2. A molecule of gas, filled in a discharge tube, gets ionized when an electron is detached from it. An electric field of 5.0 kV/m exists in the vicinity of the event. (a) Find the distance traveled by the free electron in 1 µs assuming no collision. (b) If the mean free path of the electron is 1.0 mm, estimate the time of transit of the free electron between successive collisions.

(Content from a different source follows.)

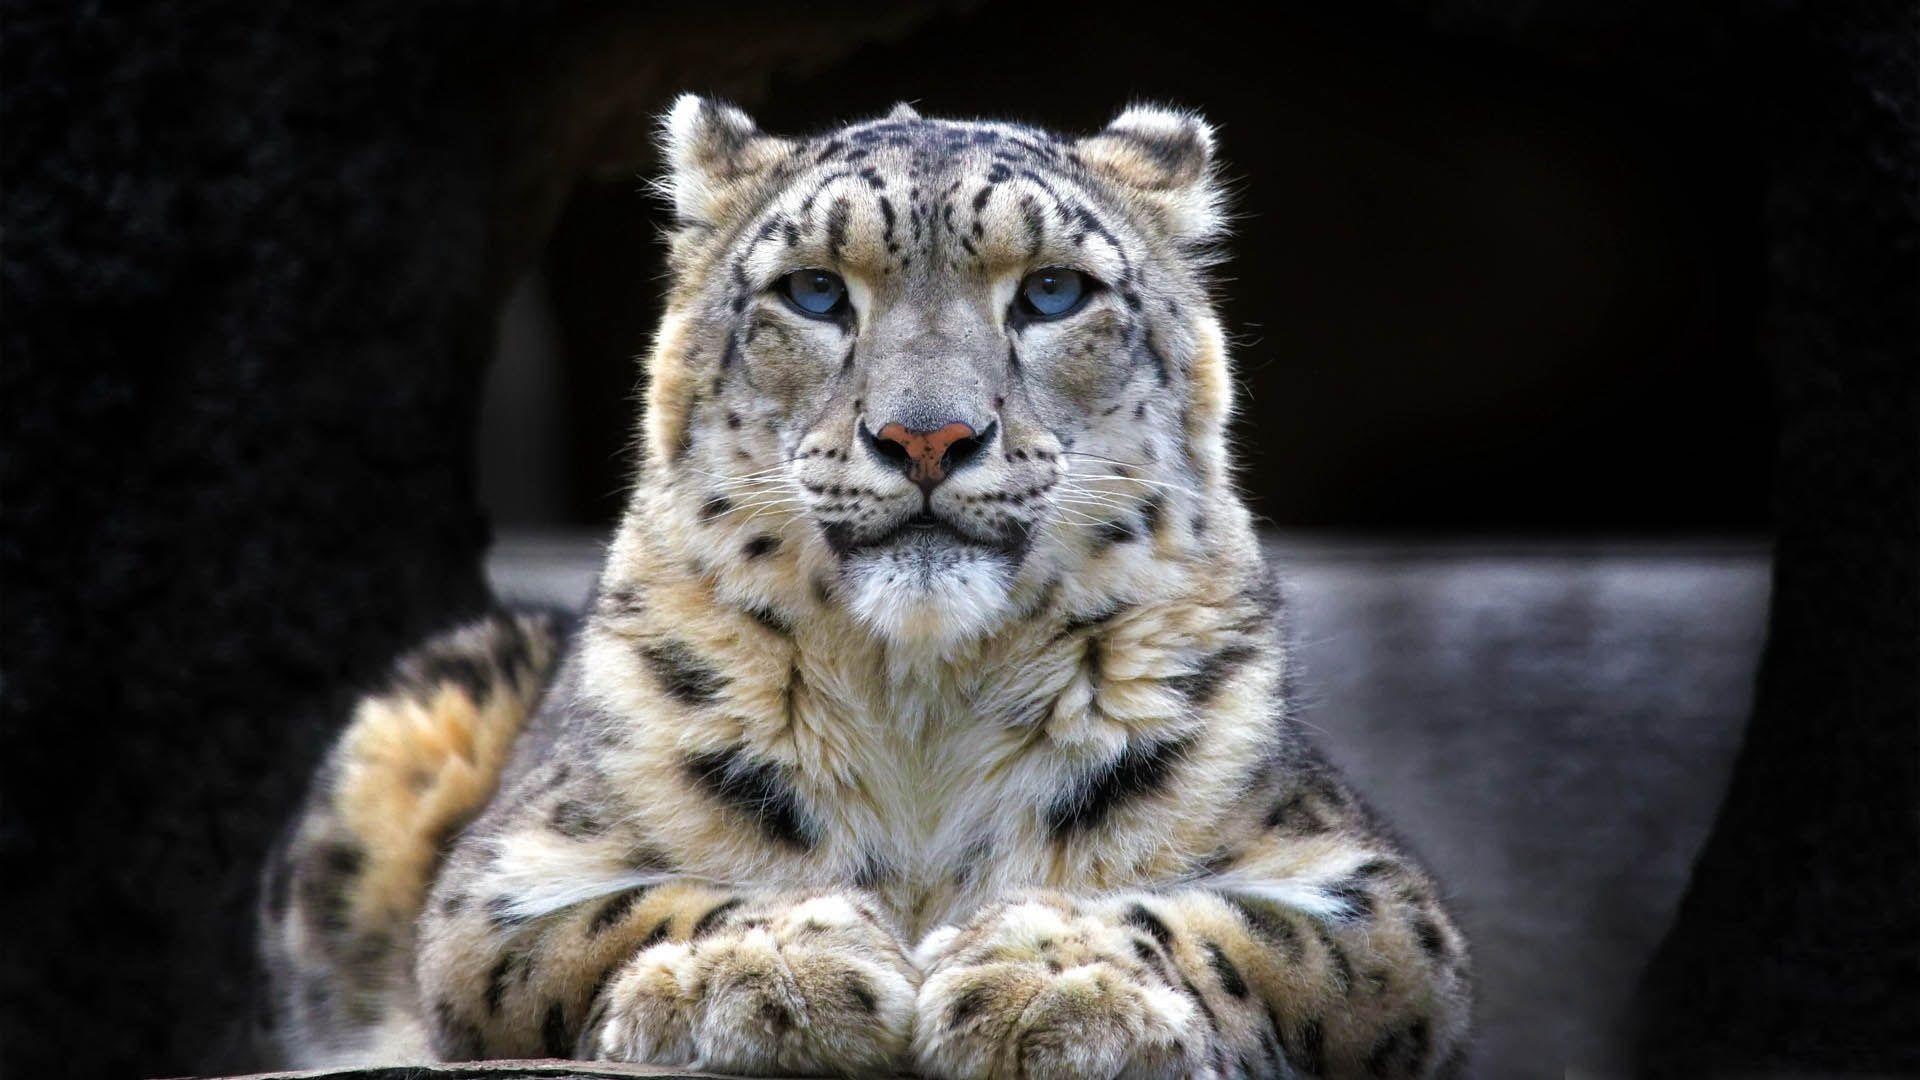 snow leopard wallpaper | 1920x1080 | #59083
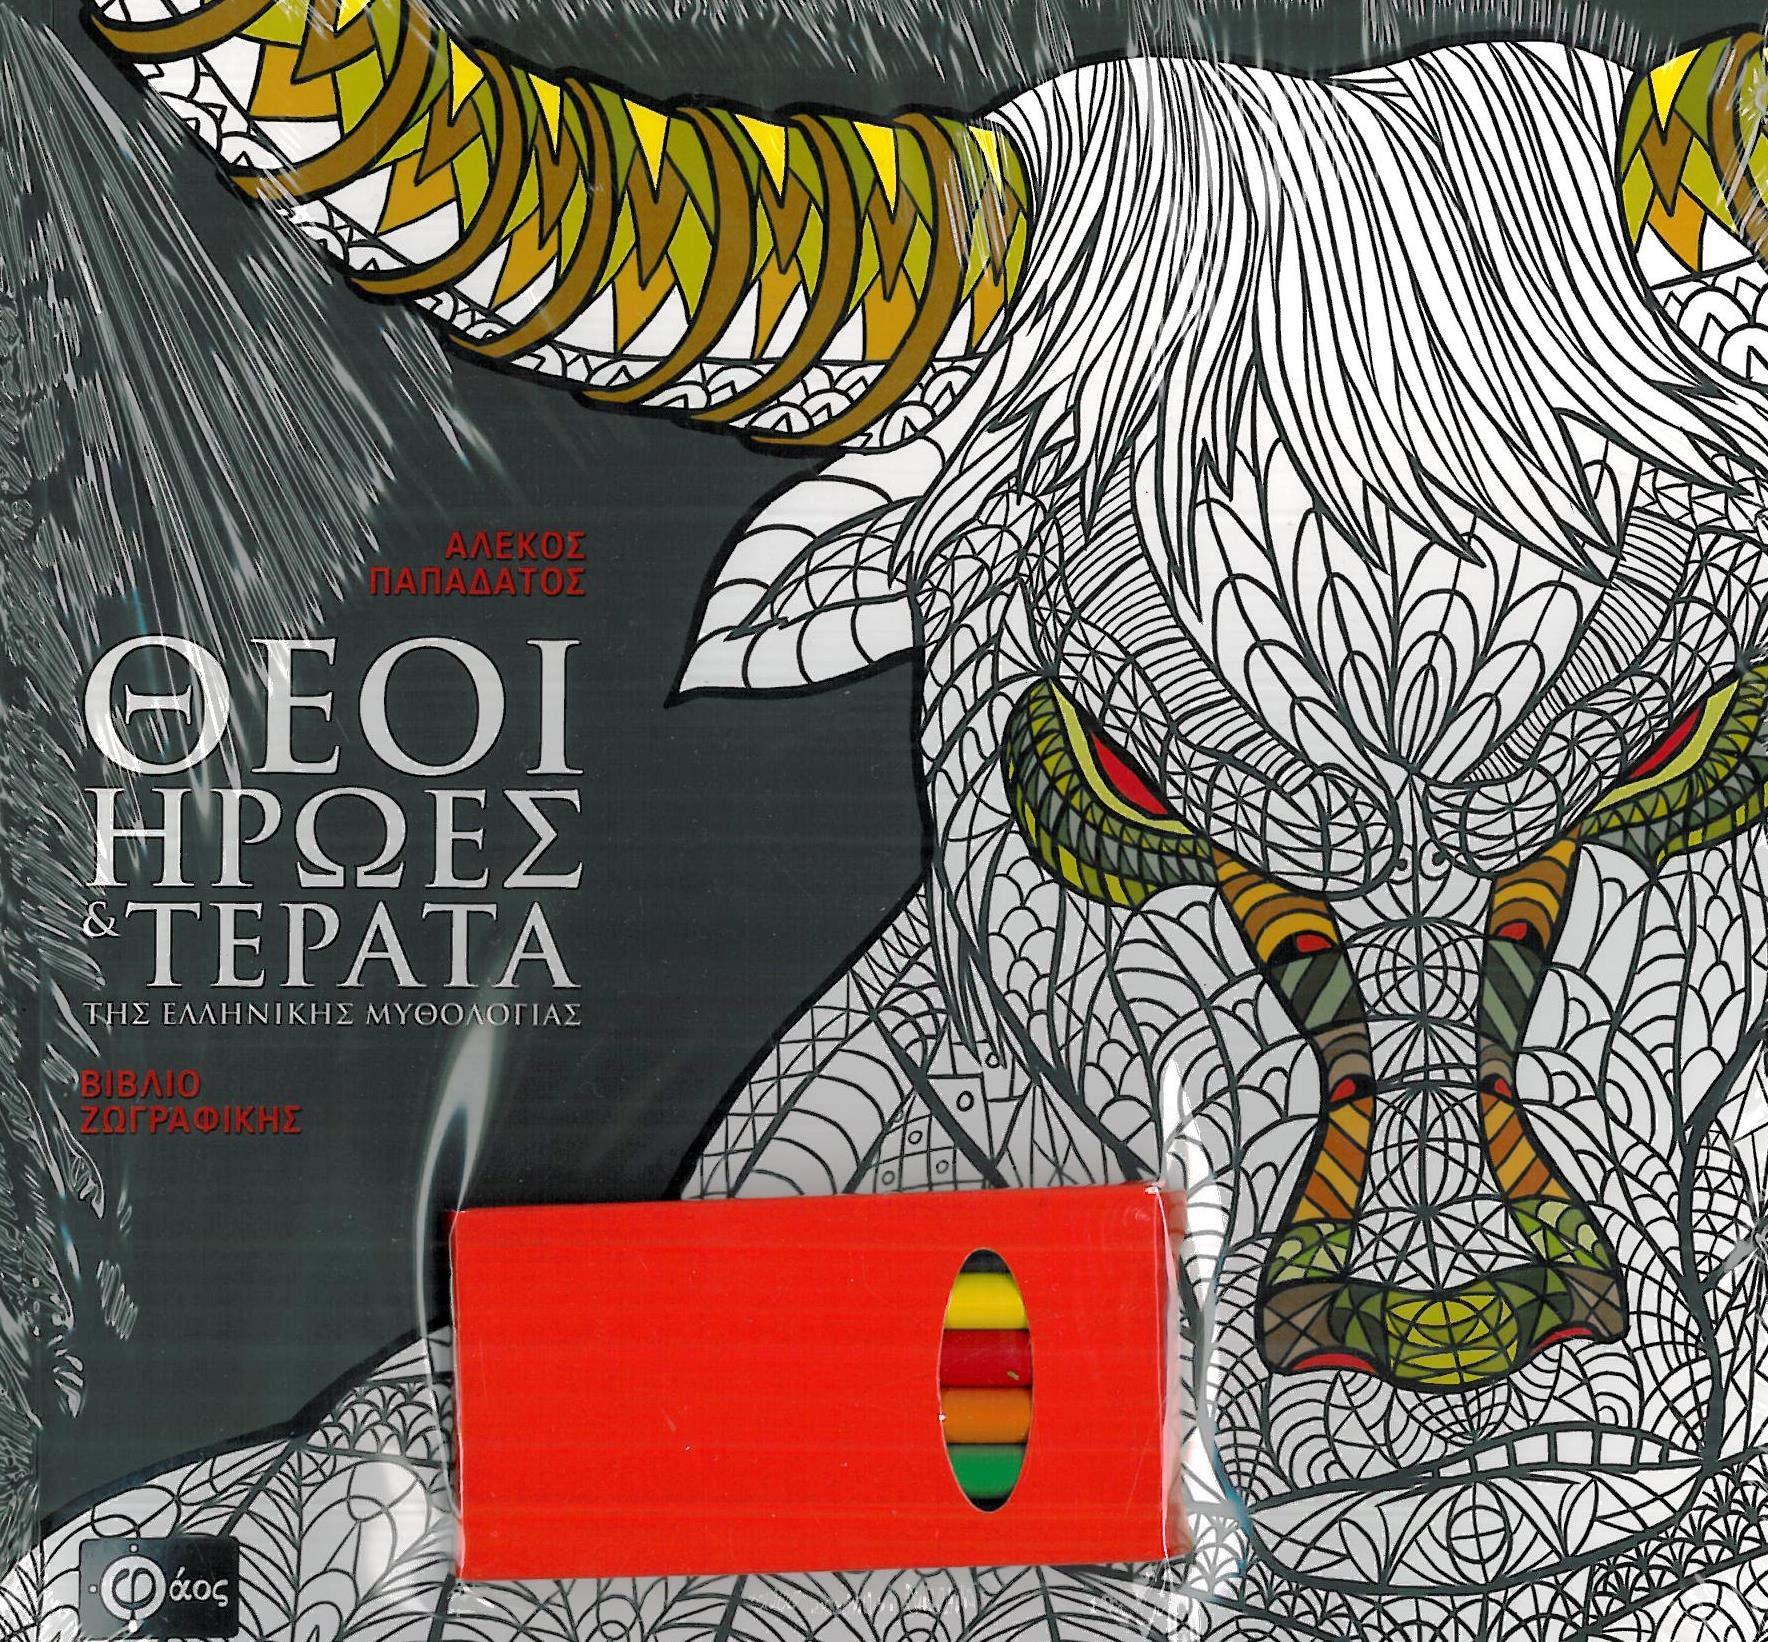 Amazon It боги герои и чудовища греческой мифологии книжка

ANSWER: (a) Force on the electron,
F =eE
Acceleration of the electron if its mass =m,
a =F/m =eE/m
The distance traveled by the electron in time t,
S = ut+½at²
=0 +½(eE/m)t²
=½*(1.6x10⁻¹⁹*5000/9.1x10⁻³¹)*(10⁻⁶)² m
=440 m.
(b) Let the time of transit of free electrons between successive collisions =t. From,
S =½at²
Here, S =1.0 mm =0.001 m
a =eE/m
=1.6x10⁻¹⁹*5000/9.1x10⁻³¹ m/s²
=8.79x10¹⁴ m/s²
Hence,
0.001 =½*8.79x10¹⁴*t²
→t² =0.002/(8.79x10¹⁴)
=2.28x10⁻¹⁸
→t =1.50x10⁻⁹ s
=1.50 ns.
3. The mean free path of electrons in the gas in a discharge tube is inversely proportional to the pressure inside it. The Crookes dark space occupies half the length of the discharge tube when the pressure is 0.02 mm of the mercury. Estimate the pressure at which the dark space will fill the whole tube.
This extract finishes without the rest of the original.